When using machine learning algorithms for obtaining insights and predictions, there’s no one approach for every situation. That’s why students in a profession that requires data analysis must learn not only a wide array of algorithms but also how to decide which one(s) are appropriate for the task at hand.
Experts don’t always agree on which algorithms to use when extracting information from large data sets. However, the following are some of the machine learning algorithms that are seen as essential for professionals who work with big data, including those in graduate applied economics programs.
Types of Machine Learning
Before moving into some of the most popular algorithms, it’s important to understand that machine learning can be broken down into three categories. They are:
Supervised learning. Using pairs of input-output data to learn the mapping function between the input and the output. This can then be used to map functions between similar input/output pairs. Examples would include creating labels such as male or female or sick or healthy.
Unsupervised learning. In this case, only input data is given. Machine learning then searches to find any interesting underlying trends in the overall data. A simple example of this would be analyzing millions of receipts to determine the probability that a person ordering a beer in a restaurant will also order an appetizer. A more complex example is identifying clusters or groups of (persons, articles, treatments) that are similar enough. Developing measures of ‘similar enough’ requires careful analysis and treatment of data but can lead to identifying surprising subpopulations of interest.
Reinforcement learning. Learning the best course of action based on continuous analysis of past data. For example, learning the best path through a video game by playing enough times to determine which actions get the most rewards. This type of learning is typically used in robotics, with another well-known application in developing self-driving (algorithms for) cars.
The following presents some examples of big data concepts using machine learning algorithms that are supervised learning, except for K-means and Principal Component Analysis, which are unsupervised.
Linear Regression
This involves estimating the strength of the linear relationship between a set of input variables and an output variable. An example would be a linear regression model estimating the linear relationship between people’s height (input variable) and weight (output variable), and the impact of an additional inch in height on the weight of the person
Logistics Regression
Whereas linear regression is focused on continuous outputs, logistics regression involves using input variables to determine discrete, usually binary, outputs. For example, weight is a continuous value, while the number of people who go each year to a hospital’s emergency room with myocardial infarction is a discrete value. An example of logistic regression would involve estimating the likelihood that a person will be hospitalized within 30 days, given their medical history (diagnoses, hospitalizations, medication, lab results, etc.)
Decision Trees
A decision tree is a chart that supports decision making. The chart maps out all possible (relevant) decisions and estimates the probability of an event happening given that decision (path).
Naive Bayes
This method used Bayes’ Theorem to build classifiers. Why naive? Because this big data concept deliberately and naively assumes that all variables are independent of other variables. Even so, it’s been a very dependable predictive model. It’s used to determine the probability something will happen given that another event has already happened.
K-means
K-means is a machine learning algorithm used for unsupervised learning. It involves placing similar data points into a predetermined number of clusters, based on some measure of distance between them; an iterative “tuning” process then tries to identify the optimal position of the “means”, or central points of these clusters. Once a central point of the cluster is determined, each (new) item is assigned to a cluster based on how far it is from that center point. The number of clusters is in general not known a priori and will depend on the purpose of the classification problem being solved.

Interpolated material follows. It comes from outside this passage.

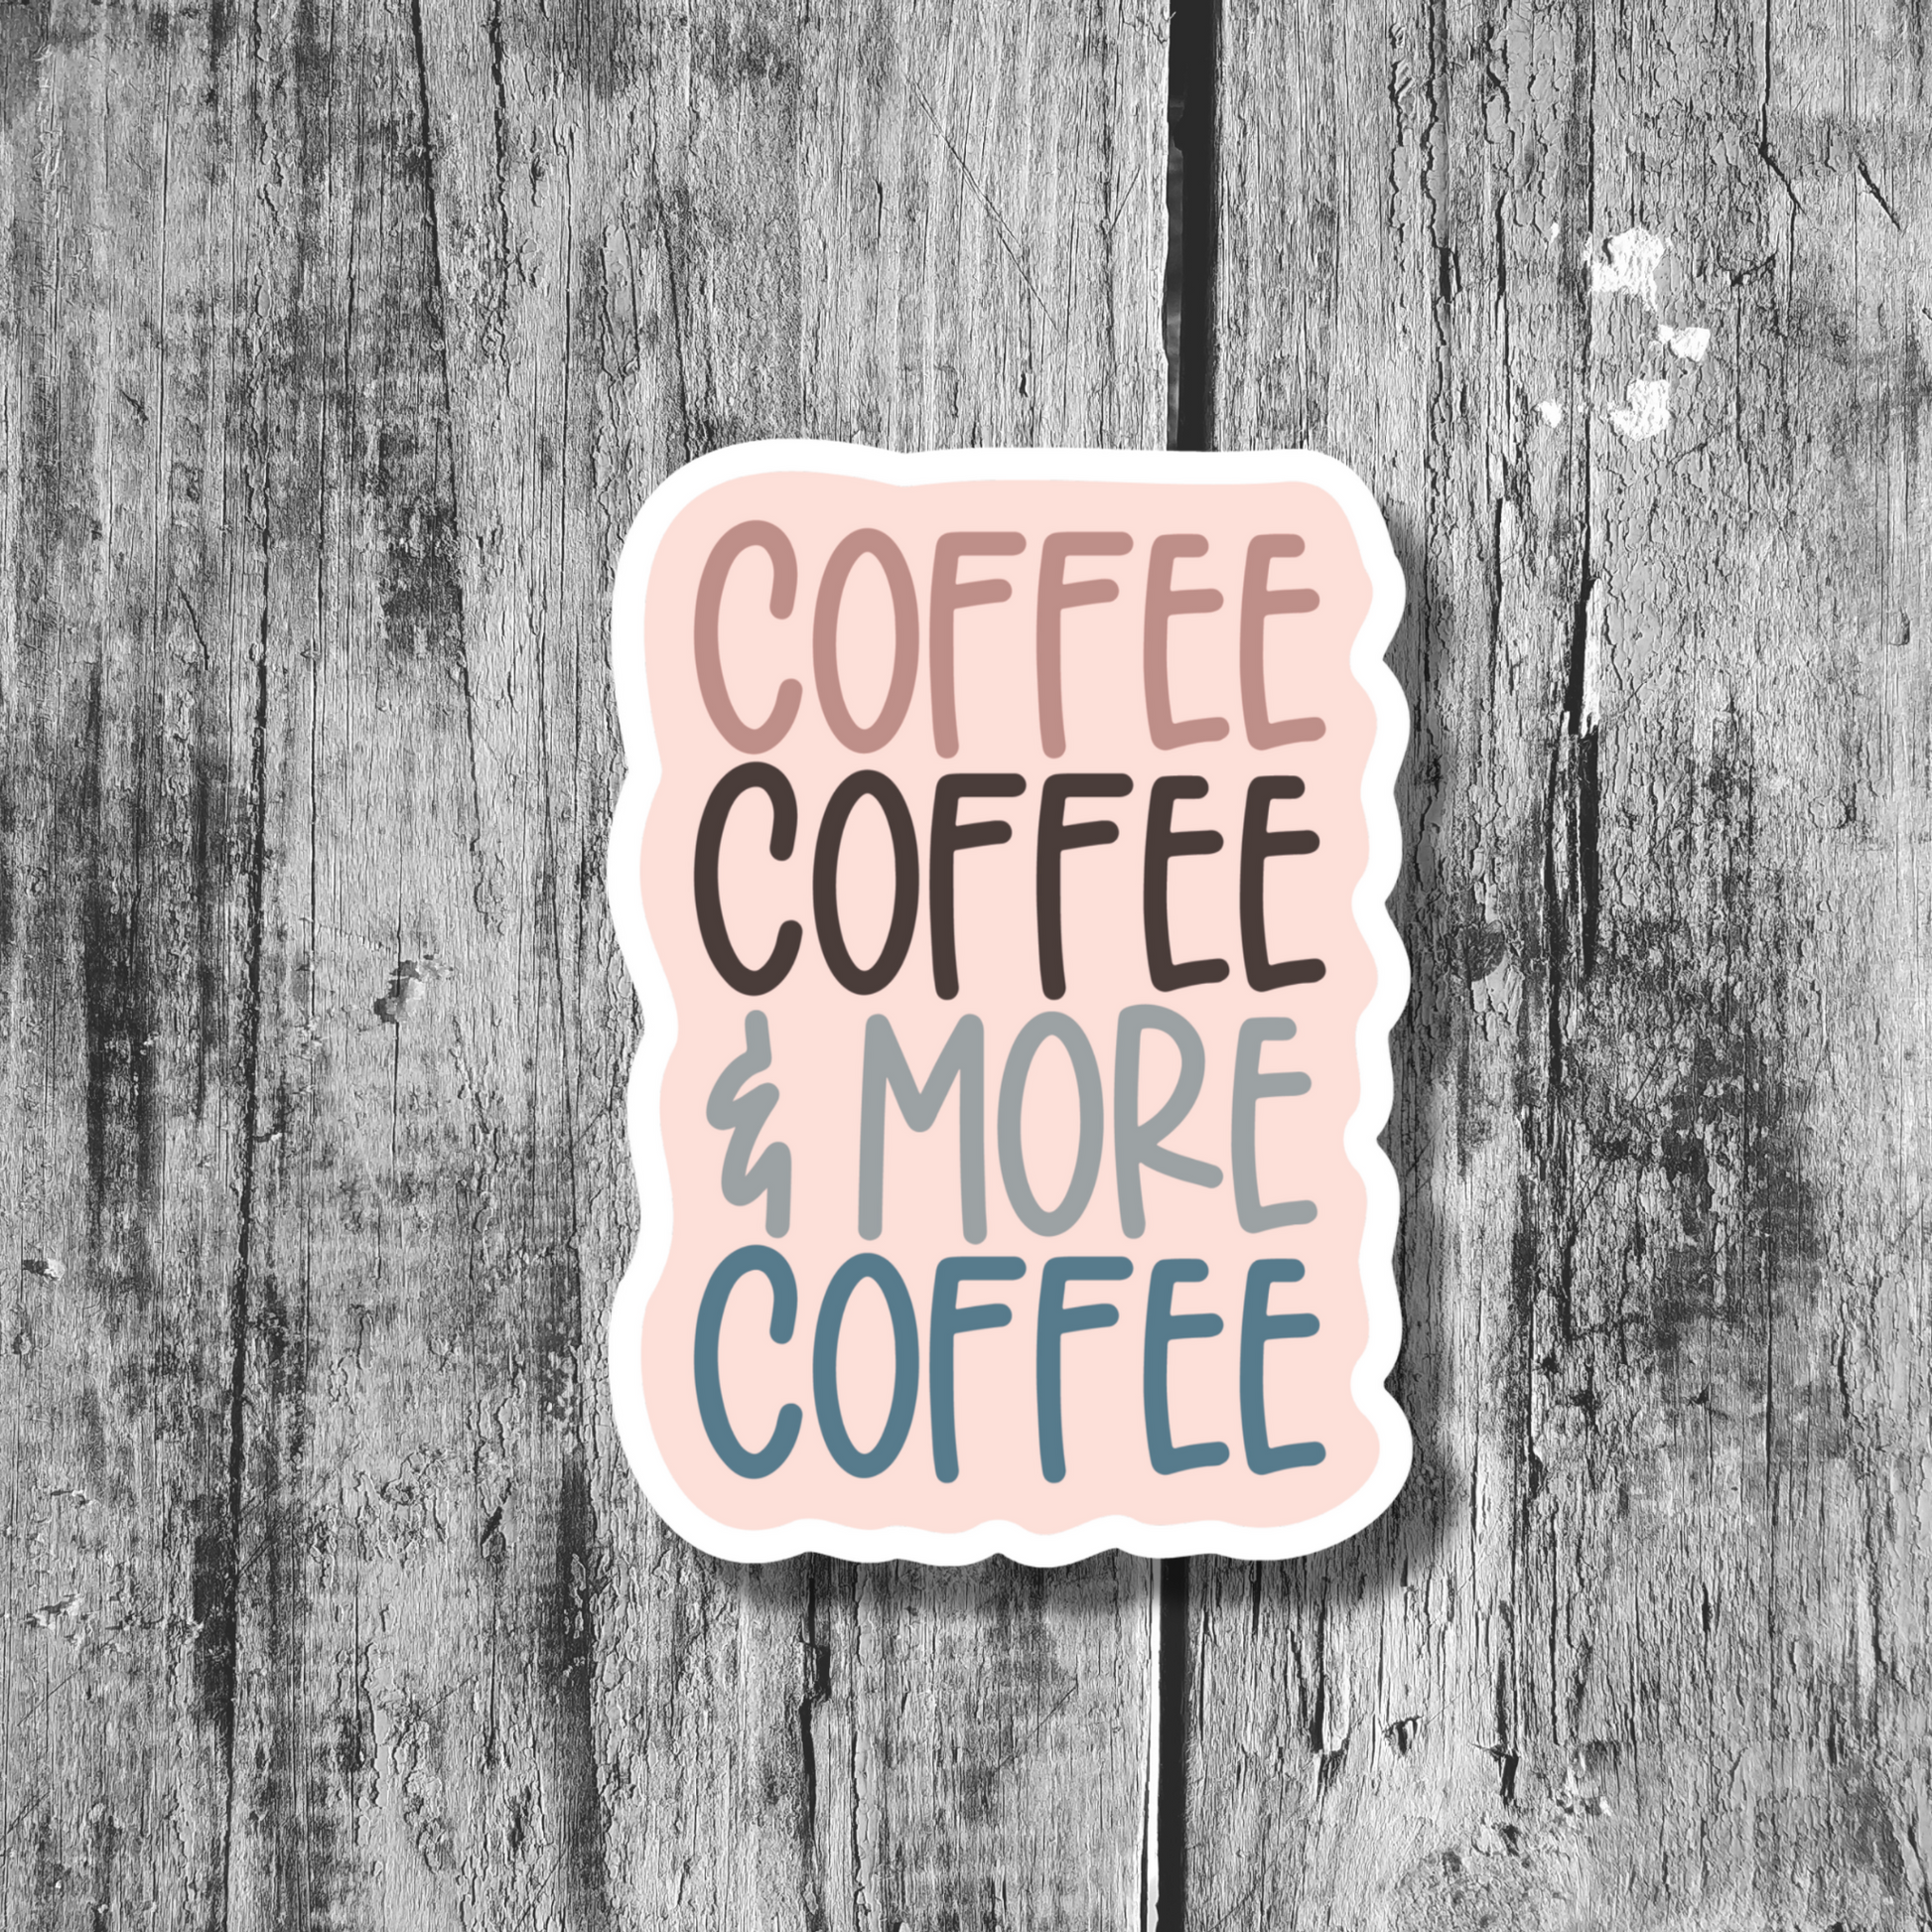 Coffee, Coffee, and More Coffee Sticker- Kindle Sticker, Water Bottle Sticker, Coffee Cup Sticker - Brandi Renee Studio
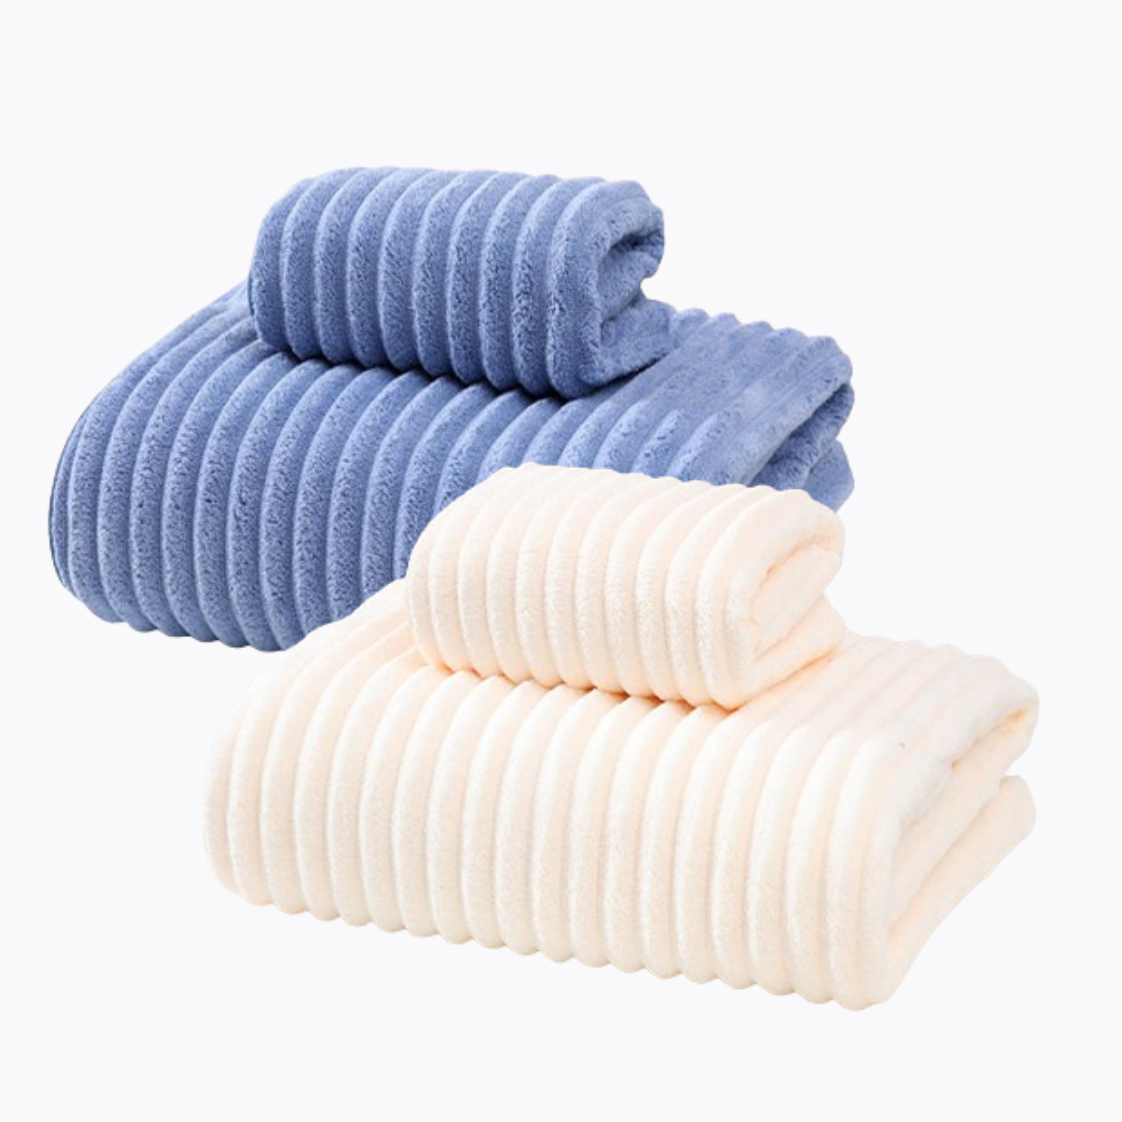 The Marshmallow Towel Partner Pack

Principal Component Analysis
Principal Component Analysis (PCA) uses an “orthogonal transformation to convert a set of observations of possibly correlated variables into a set of values of linearly uncorrelated variables called principal components,” according to the data analysis-focused website KD Nuggets.
Beginners should become familiar with these machine learning algorithms used with big data concepts as they learn to work with large data sets. Each can provide the right approach to the data challenge you are attempting to solve.